What the task asks
Everything in the data should be repeated exactly, save for the images.

Top of Dataset excerpt

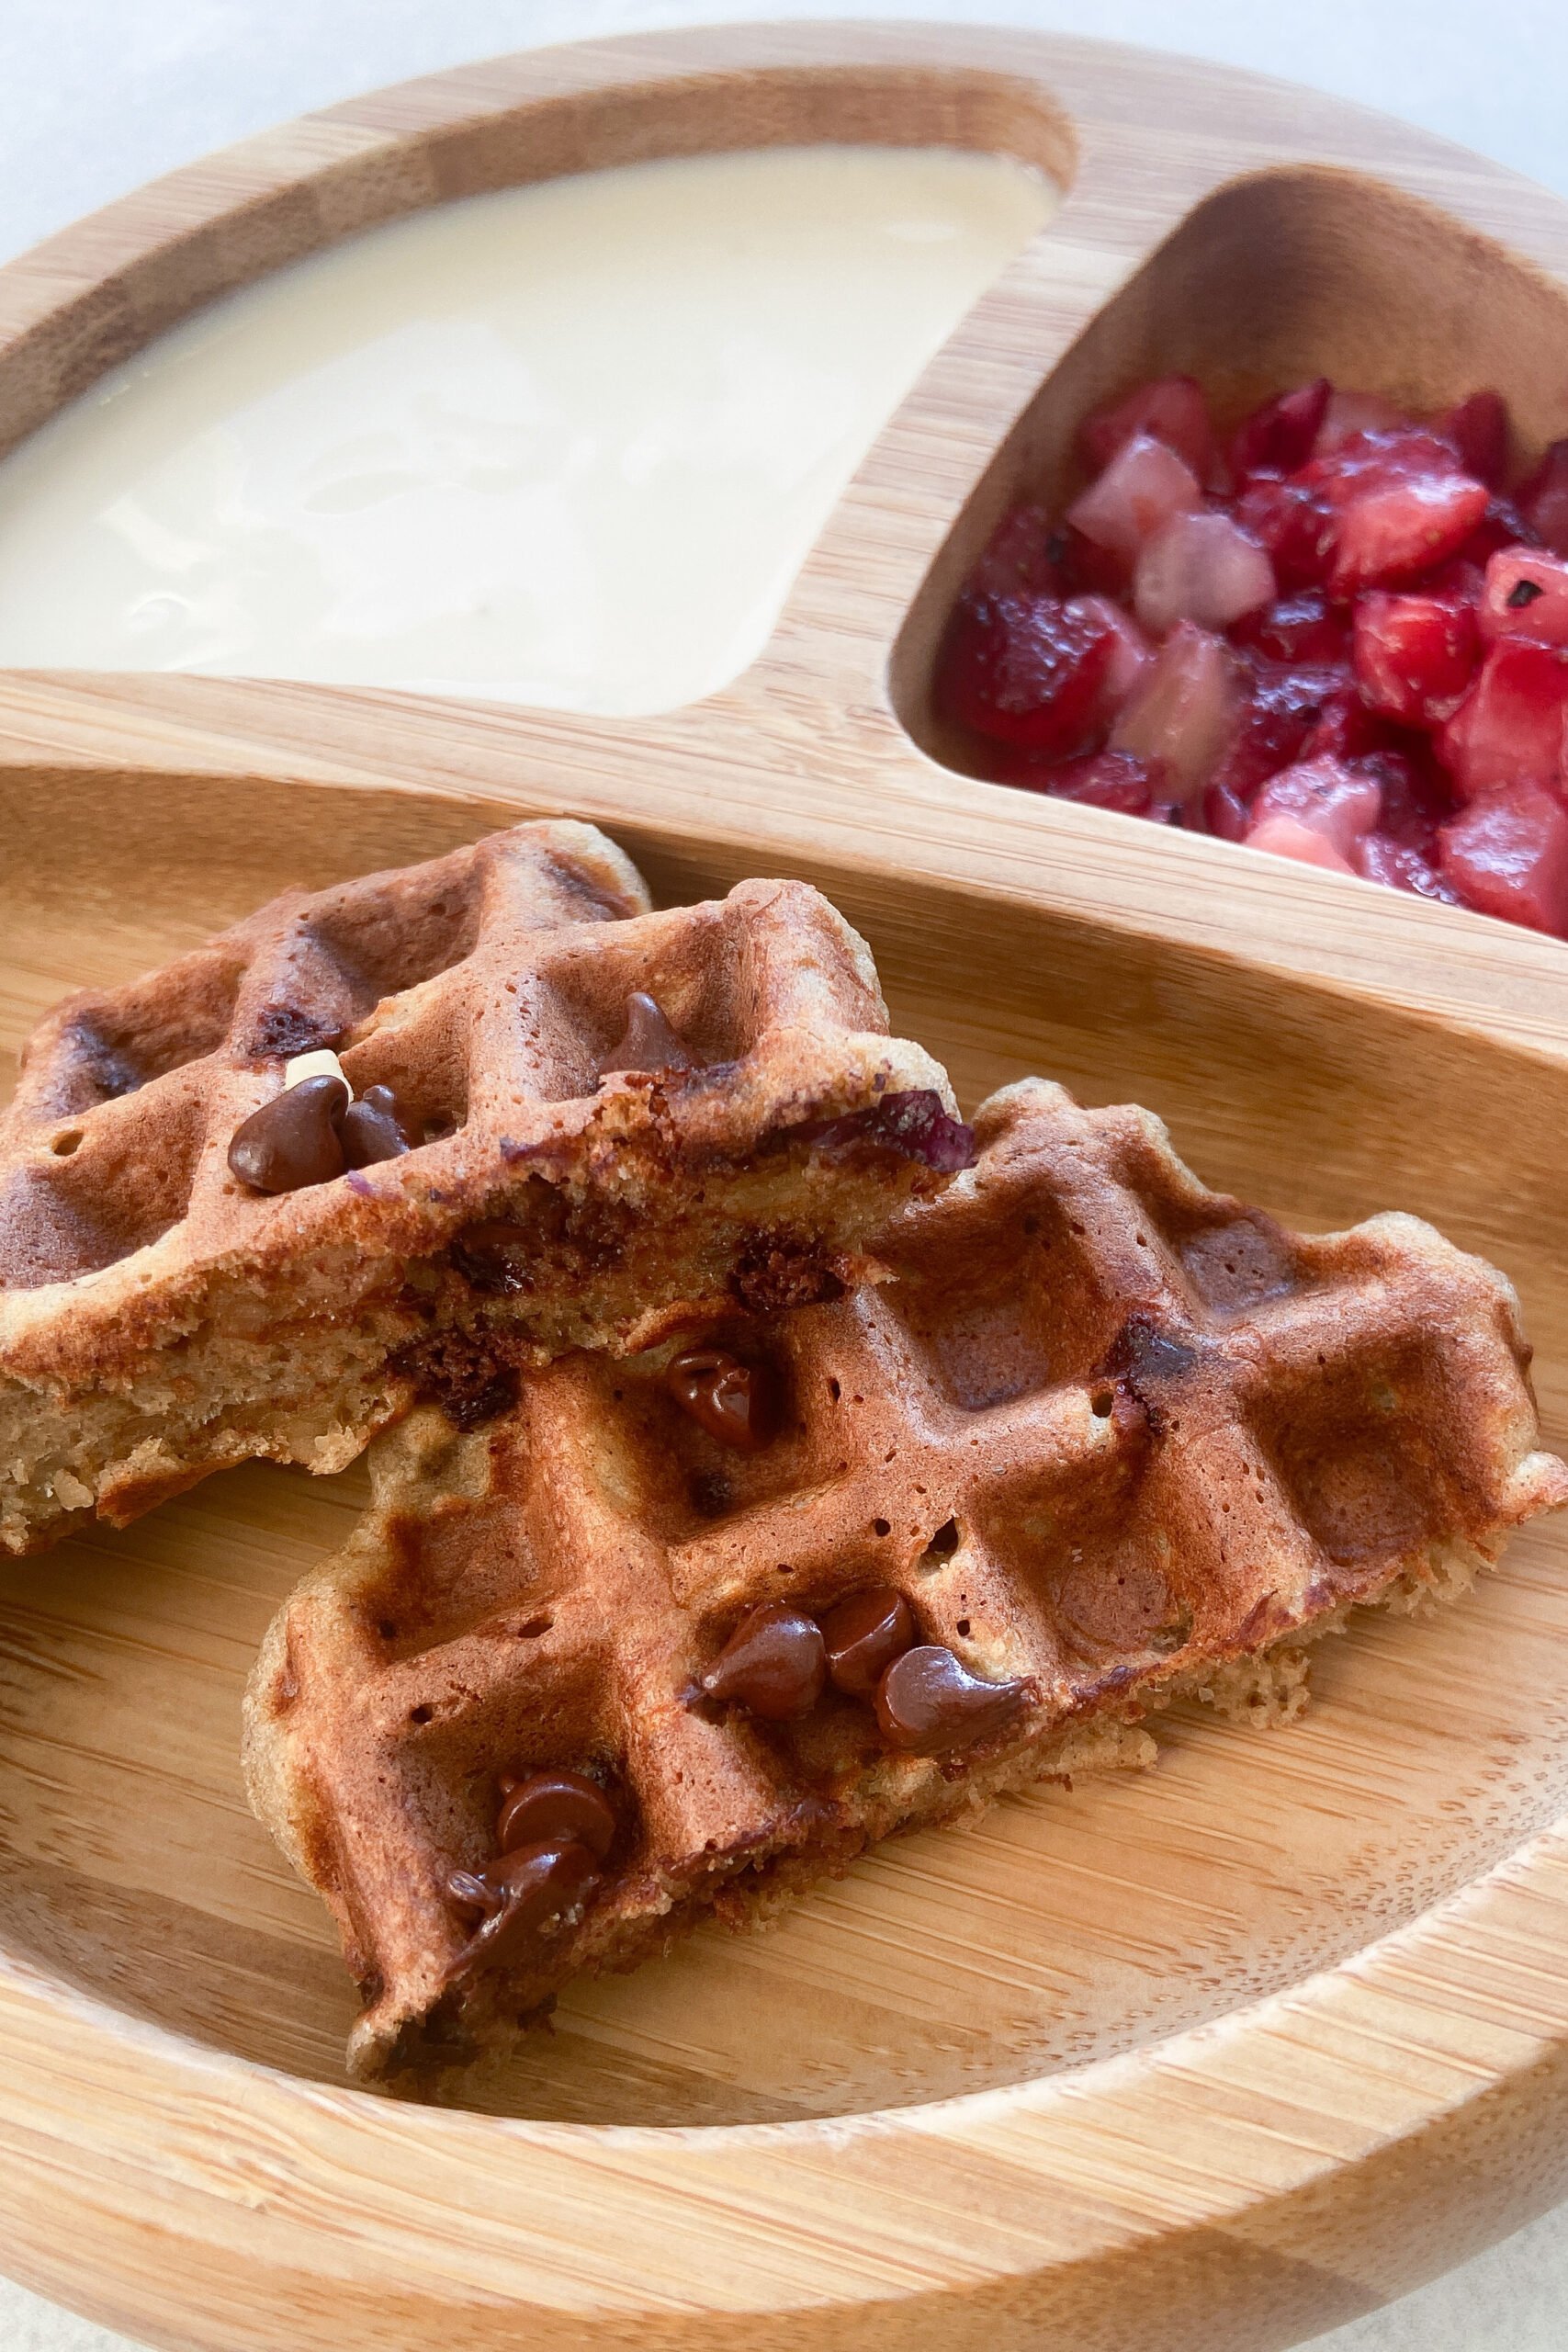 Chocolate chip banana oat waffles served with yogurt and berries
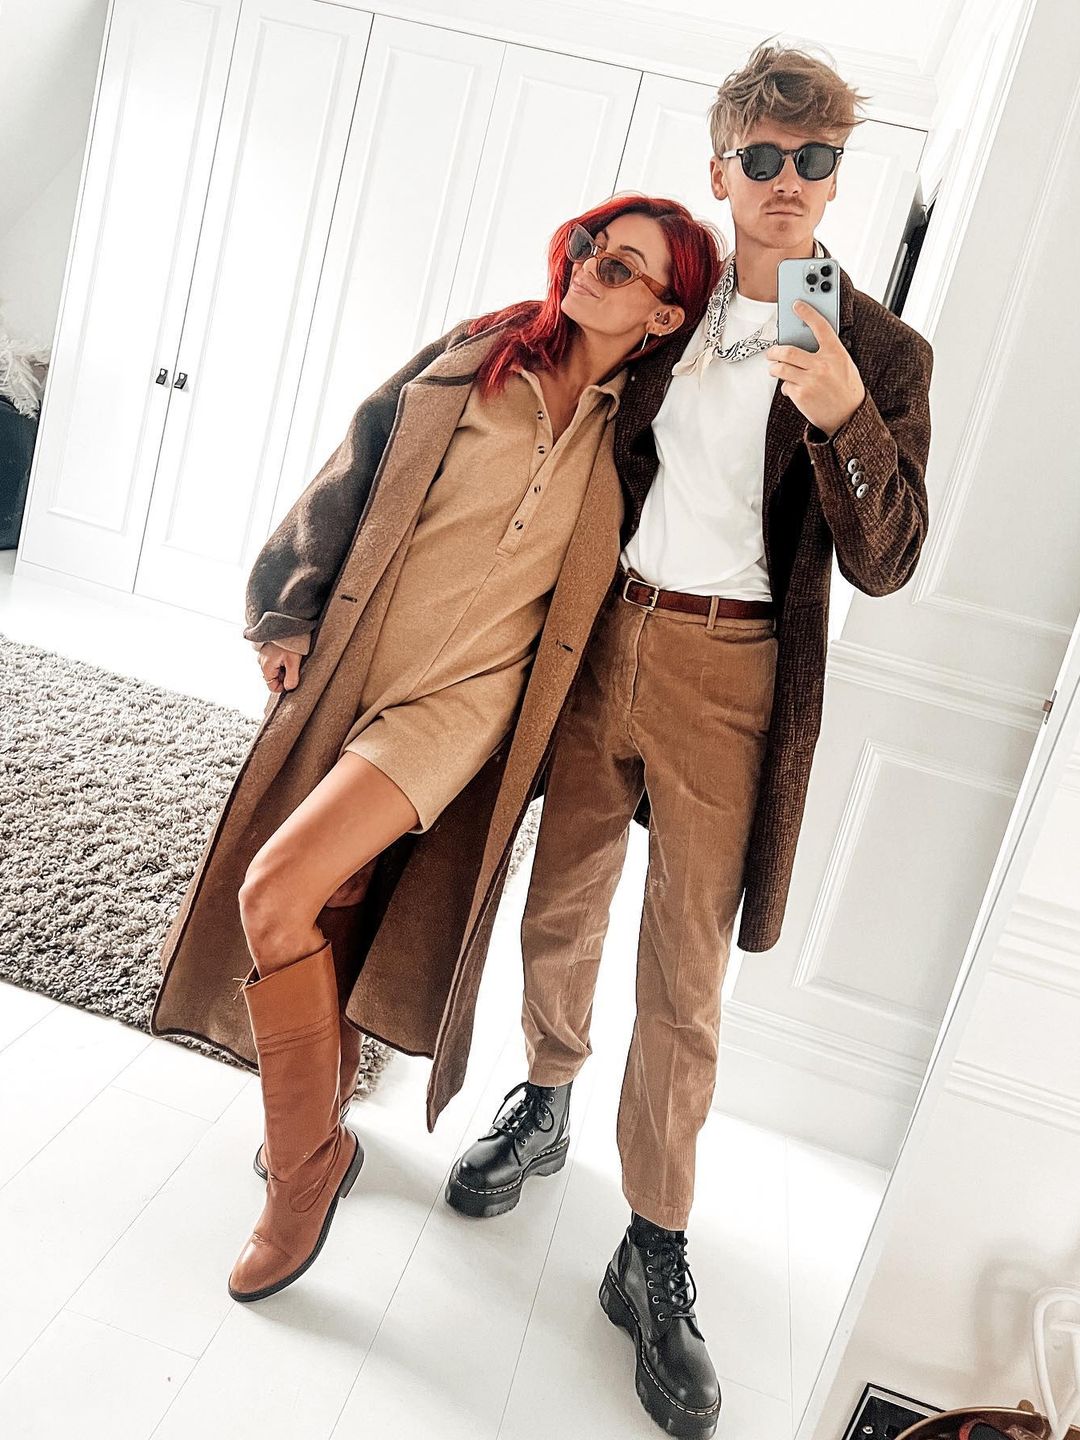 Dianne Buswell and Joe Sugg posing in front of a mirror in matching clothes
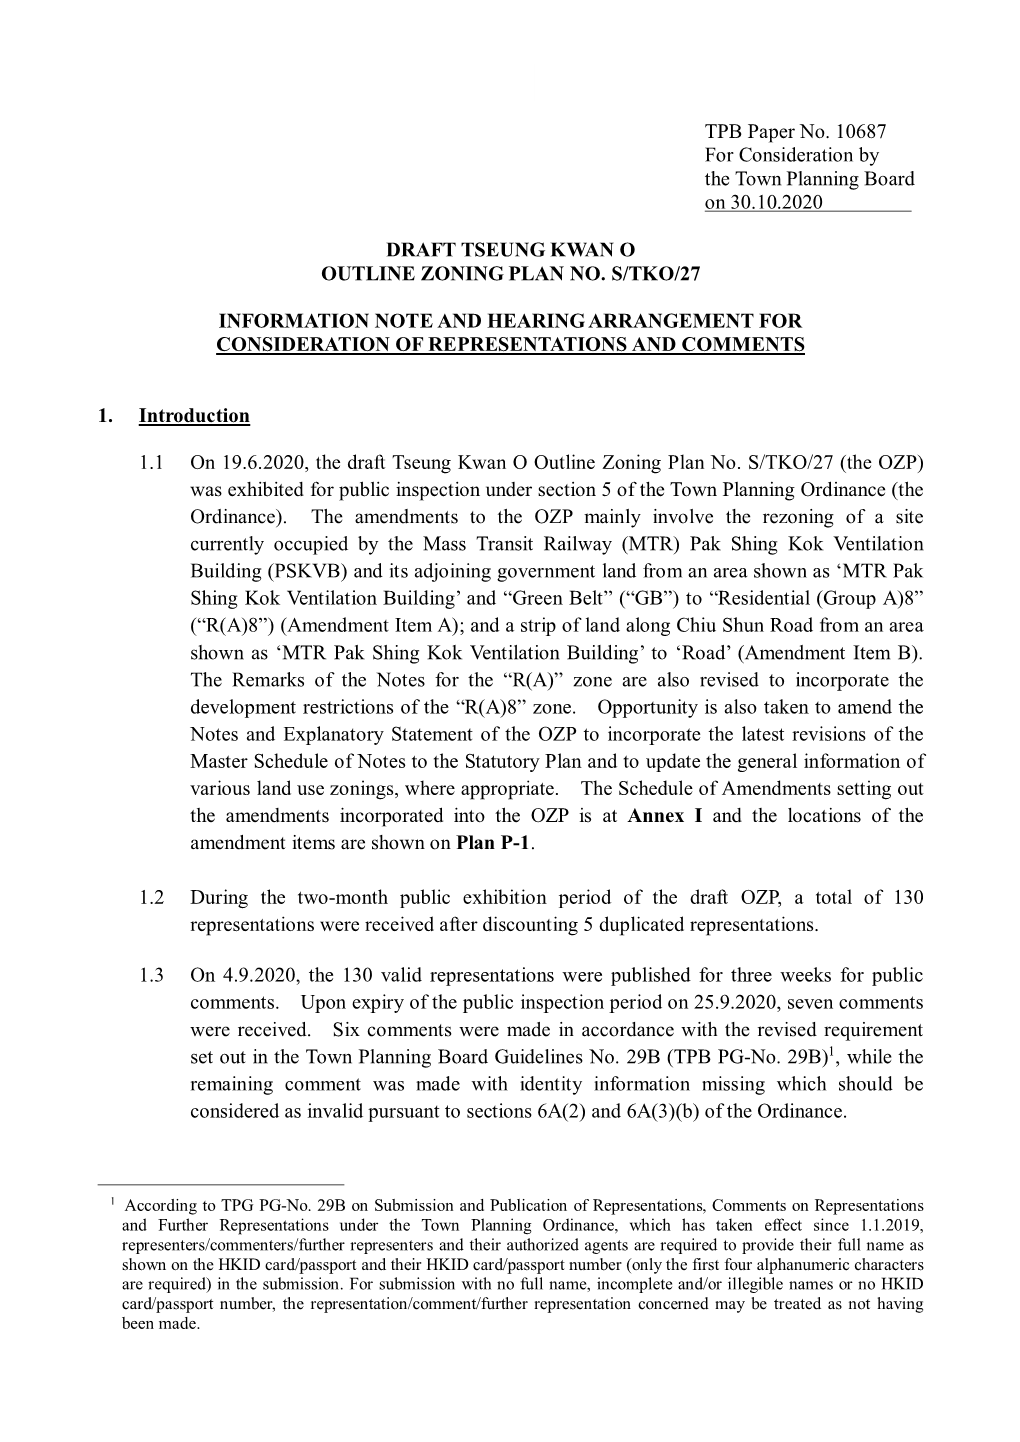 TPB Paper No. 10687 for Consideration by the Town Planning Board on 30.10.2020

Bottom of Dataset excerpt

Answer to this exercise
 Chocolate chip banana oat waffles served with yogurt and berries
 Dianne Buswell and Joe Sugg posing in front of a mirror in matching clothes
 TPB Paper No. 10687 for Consideration by the Town Planning Board on 30.10.2020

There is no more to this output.